Мистер де Филиппис медленно поднялся на ноги, глотнул воды и задал мистеру Смарту вопрос по поводу их дружбы с обвиняемым. Суд наверняка ожидал безжалостного перекрестного допроса, требований подробно описать токсичные свойства препарата, но мистер де Филиппис просто спросил:
— Вы были знакомы с миссис Ропер?
— Да, был.
— Вы встречались несколько раз?
— Да.
— Иногда, конечно же, вы оставались с ней наедине?
— Один или два раза, когда приезжал рано и обвиняемого еще не было дома.
— И она — позвольте мне спросить как можно деликатнее, — она когда-либо демонстрировала вам как мужчине те, скажем, любовные наклонности, которые ей приписывают?
— Нет, никогда.
Смех, вызванный этим ответом, снова оборвал судья, который пригрозил очистить помещение, если подобное повторится. Но мистер де Филиппис заметил, что женщина, готовая «пойти с любым», не нашла Джона Смарта достаточно привлекательным, чтобы «раздавать ему авансы». Его отвергли, и, возможно, именно поэтому он присутствует на суде как свидетель обвинения.
Это был прецедент для обвинения. (Смотри «Королевское обвинение против Альфреда Эйтина Ропера».)
Мистер де Филиппис:
— Ваша Честь, смею заметить, что этот случай — не для суда присяжных. Нашим законом установлена презумпция невиновности, и она на стороне подозреваемого до тех пор, пока его вина не доказана. В рассматриваемом деле, во-первых, целиком и полностью требуется доказать, что орудие, которым совершено убийство, было когда-либо в руках обвиняемого. Во-вторых, необходимы доказательства, что убийство совершено ранним вечером 27 июля. Едва ли в такое время совершают подобные преступления, кроме того, нет улик, которые указывают, что именно подозреваемый совершил его. В-третьих, у обвиняемого не было никаких мотивов для совершения данного преступления.
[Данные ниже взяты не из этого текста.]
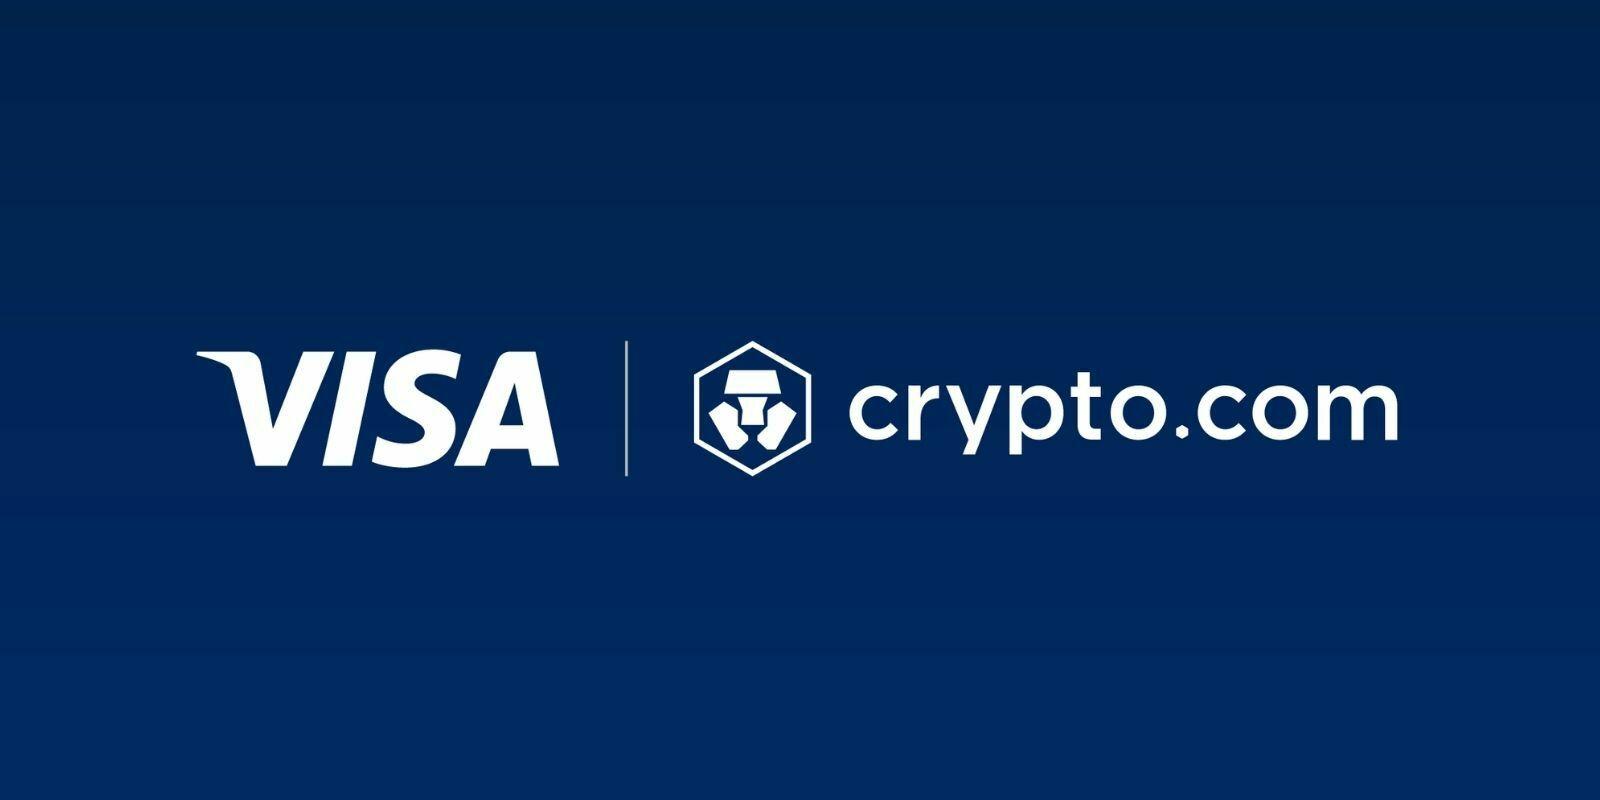 Crypto.com (CRO) s'offre un partenariat mondial avec Visa et lance un service de prêt
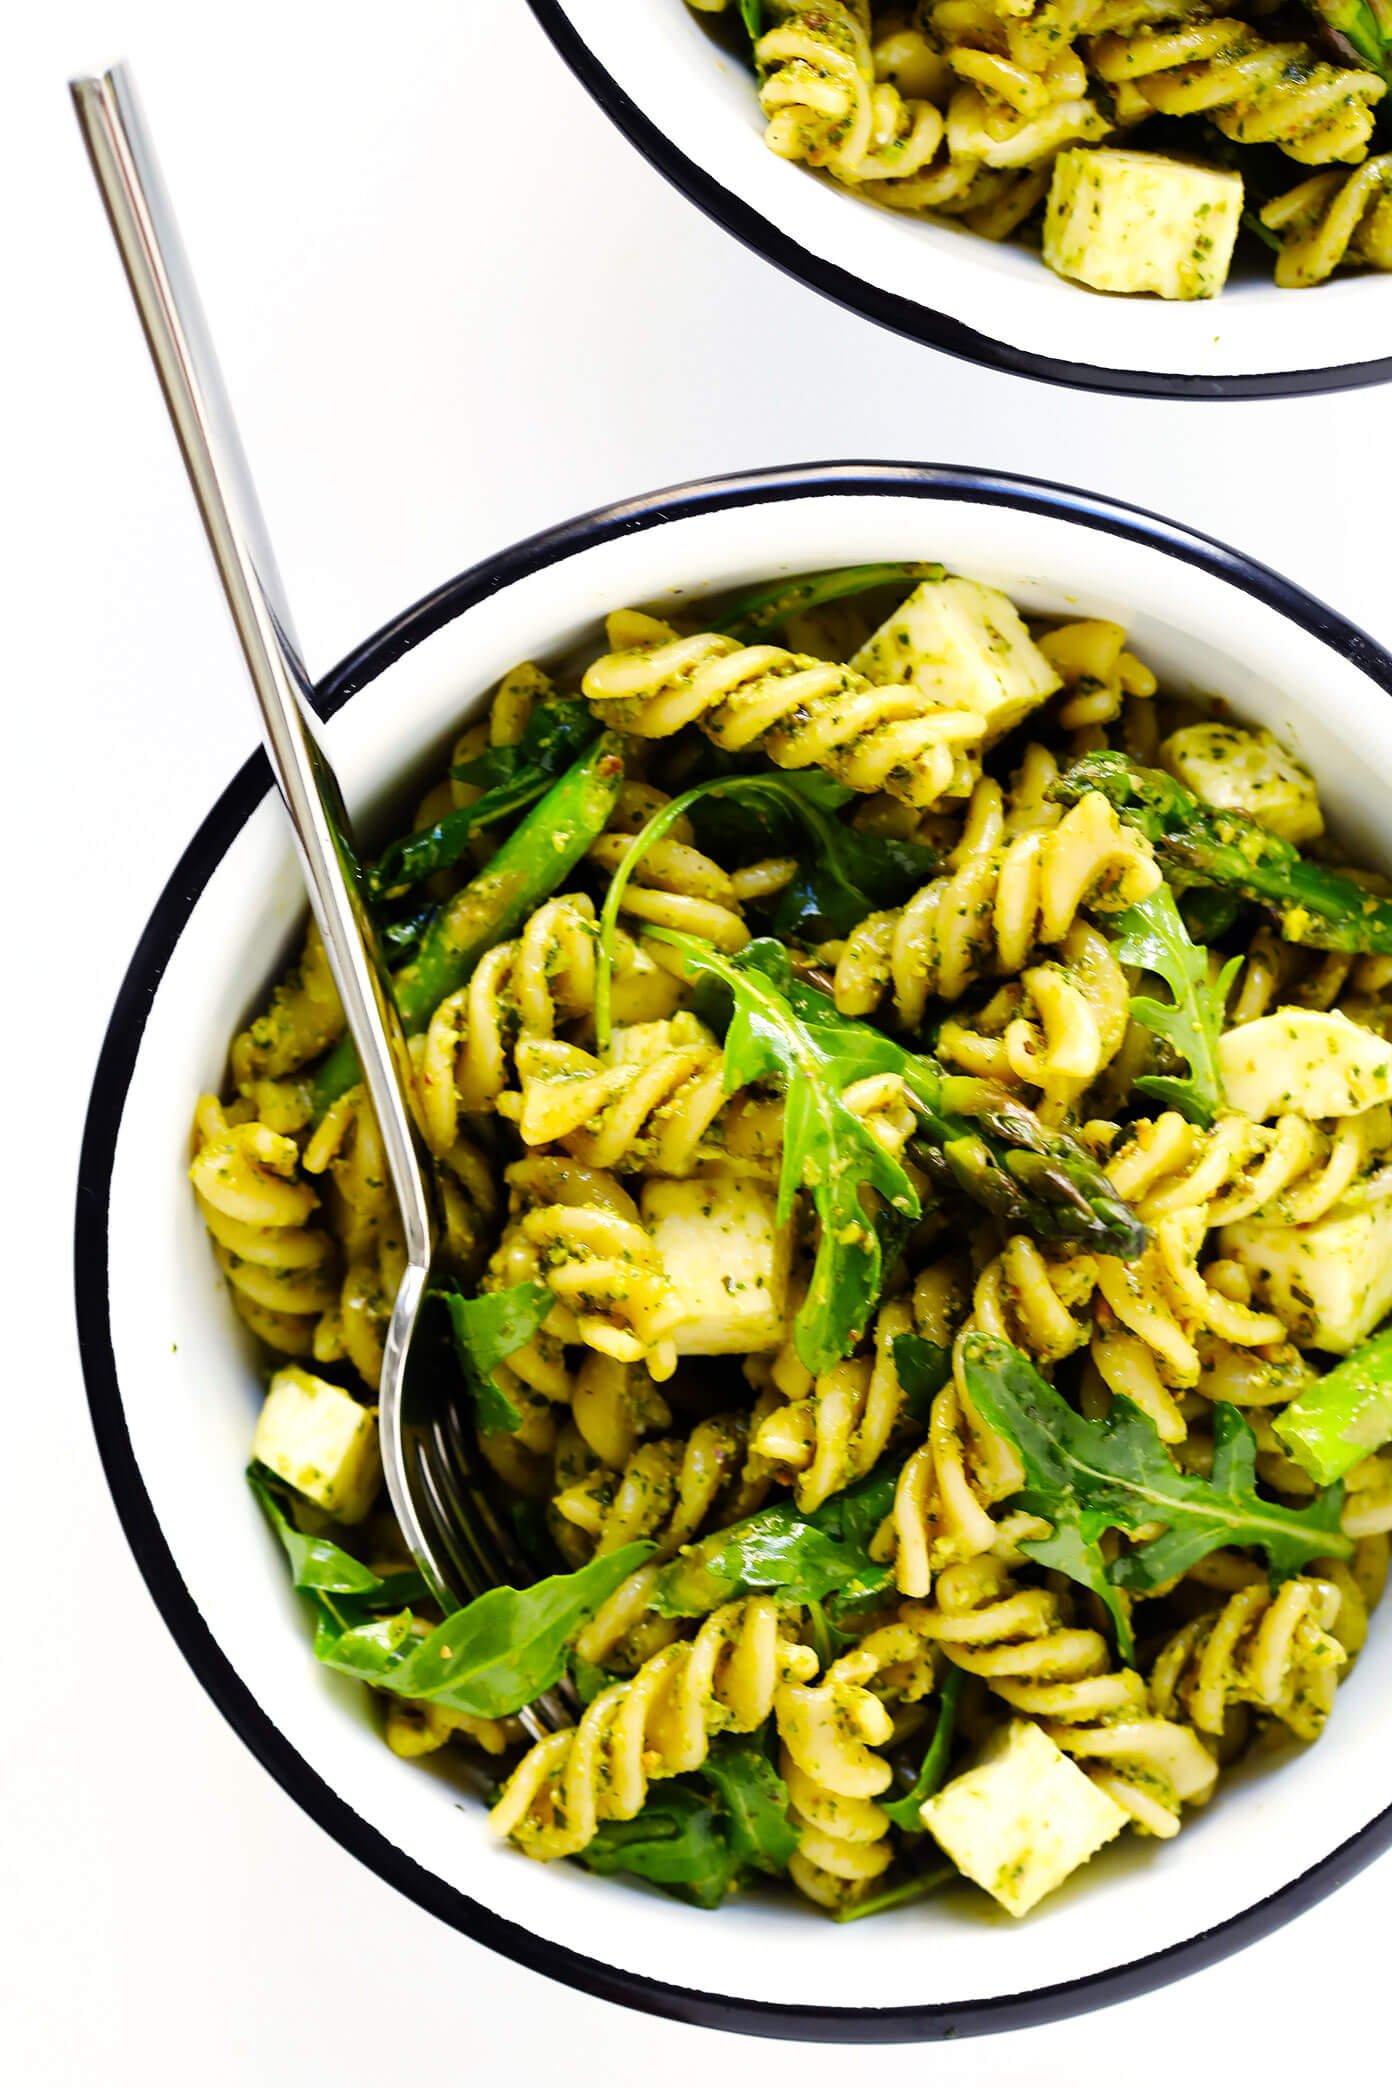 The Best Pistachio Pesto Pasta Salad Recipe!

Причина размолвок с убитой была устранена лечением, которое провел обвиняемый, и прошу вас, Ваша Честь, принять во внимание, что обвиняемый не должен подвергаться риску быть наказанным на основании ранее данного свидетельского показания о попытке отравления. И Вашей Чести решать, необходим ли суд присяжных, чтобы рассматривать дело по обыкновенному подозрению.
Судья мистер Эдмондсон:
— Не вижу основания, чтобы дело не рассматривалось уважаемыми присяжными.
Все видели, как мистер де Филиппис, беззвучно шевеля губами, слегка кивнул, взял еще один чистый носовой платок и поднес его ко рту. Выдержав паузу, он заговорил:
— Сейчас я приглашу обвиняемого и других свидетелей. Мистер Ропер будет давать свидетельские показания, и вам, господа присяжные заседатели, судить его. Мы вызовем его для дачи показаний, и вы увидите человека, которому судьба дважды нанесла сокрушительные удары. Ему, кормильцу и отцу семейства. В наше трудное время он остался без средств к существованию, не по своей вине потерял хорошо оплачиваемую и любимую работу. Женщина, которую он считал преданной женой и верной подругой, изменяла ему. Вы увидите здесь человека, согнувшегося под бременем забот и почти сломленного превратностями и крутыми поворотами судьбы. Все это обрушилось на него, все это он испытал на себе. Но, господа присяжные заседатели, вы также увидите здесь и невиновного человека, который готов рассказать вам правдивую историю своей жизни и недавних событий.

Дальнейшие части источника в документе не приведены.